Asked this week about the Hyatt CEO’s comment, Stanberry said, “I really like Mark and I found him to be very smart, and I agree with his sentiment in a number of ways. I don’t think anyone has found a way to make profitable and perpetuate the concept managed by professionals for short-term leisure stays. This goes for Onefinestay, Sonder, Stay Alfred, Hostmaker, etc. It is very difficult to provide high quality and make money.

“I would also like to note that large public hotel groups do not have a great track record in enterprise venture capital and innovation,” Stanberry said. “The alternative accommodation sector is so far removed from its core business that it may not be the investors / partners to make it fly. “

Other hotel brands have entered the sector.
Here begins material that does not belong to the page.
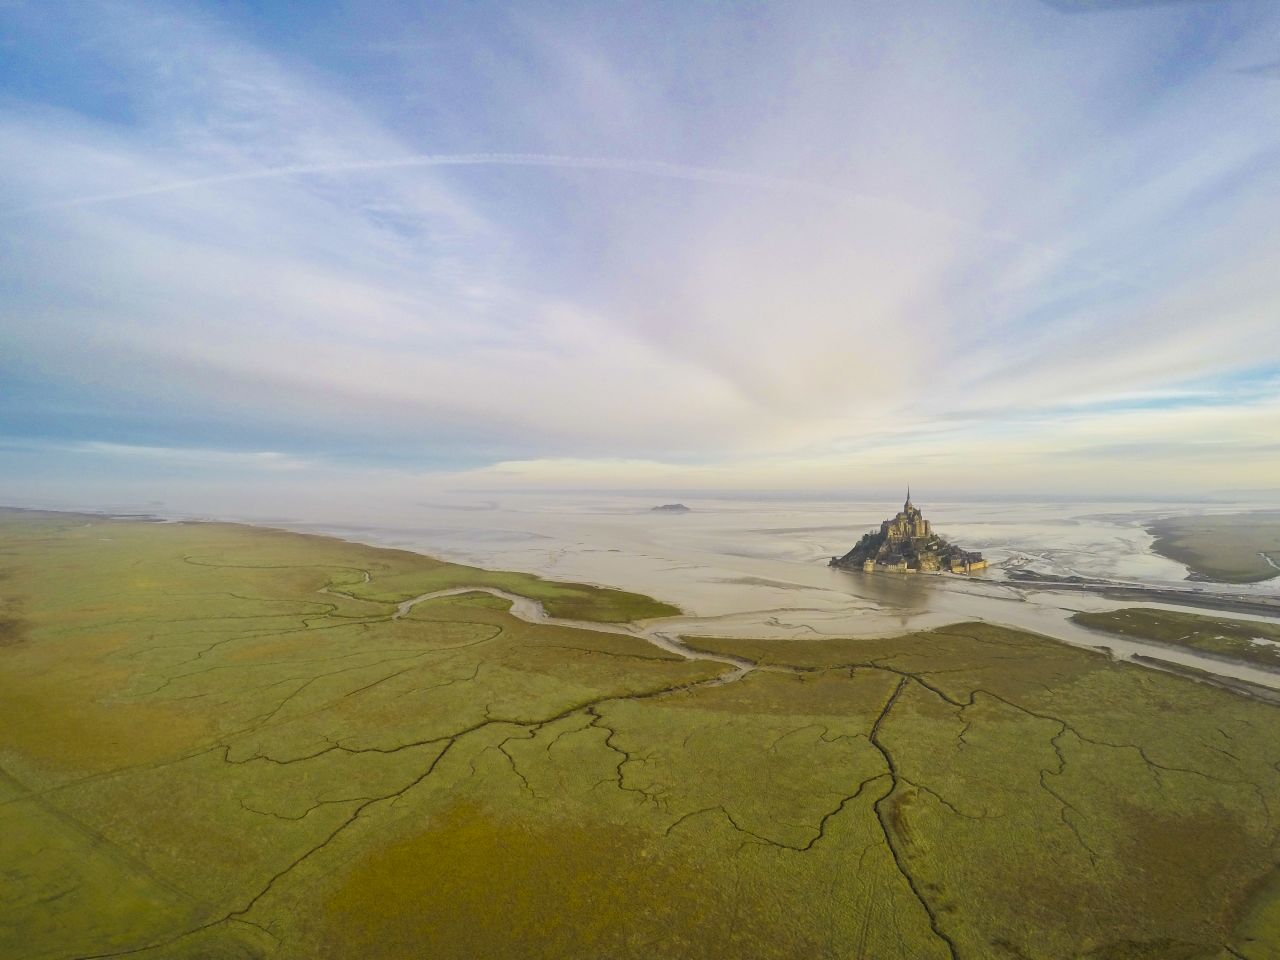 It might appear like a magical landscape from Lord of the Rings, but Mont Saint-Michel is in fact an island commune on the northwest coast of France.

Marriott started a test in 2018 to direct customers to around 200 vacation homes in London in partnership with UK property management company Hostmaker. But last year, Hostmaker collapsed and Marriott turned to other partners to manage its Homes & Villas by Marriott International in around 100 destinations.

Paris on teleworkers

Hyatt and other global hotel brands said they were continuing to assess whether there were ways to participate in what could be described as a more business-to-business, business-focused urban residential game in alternative accommodation. .

“It’s more the direction we went – an extended stay orientation, with an average stay of 50 nights,” Stanberry said. “We’ve had mostly corporate clients, with a few digital nomads dotted around. In addition, no risk of main lease, no purchase of furniture, etc. It may be a smaller total addressable market, but it is sustainable. We reached profitability from January to March, with revenue of around $ 1 million per month, and we have maintained our balance throughout the pandemic. “

For more background on the trend, see our recent articles: Selina Nabs Remote Year in Bet on Subscription Travel for Digital Nomads, Battling Isolation for Remote Workers With New Approaches to Rassembler Teams, and More Momentum Building on Subscription Services in Travel, Will It Post-pandemic help ?.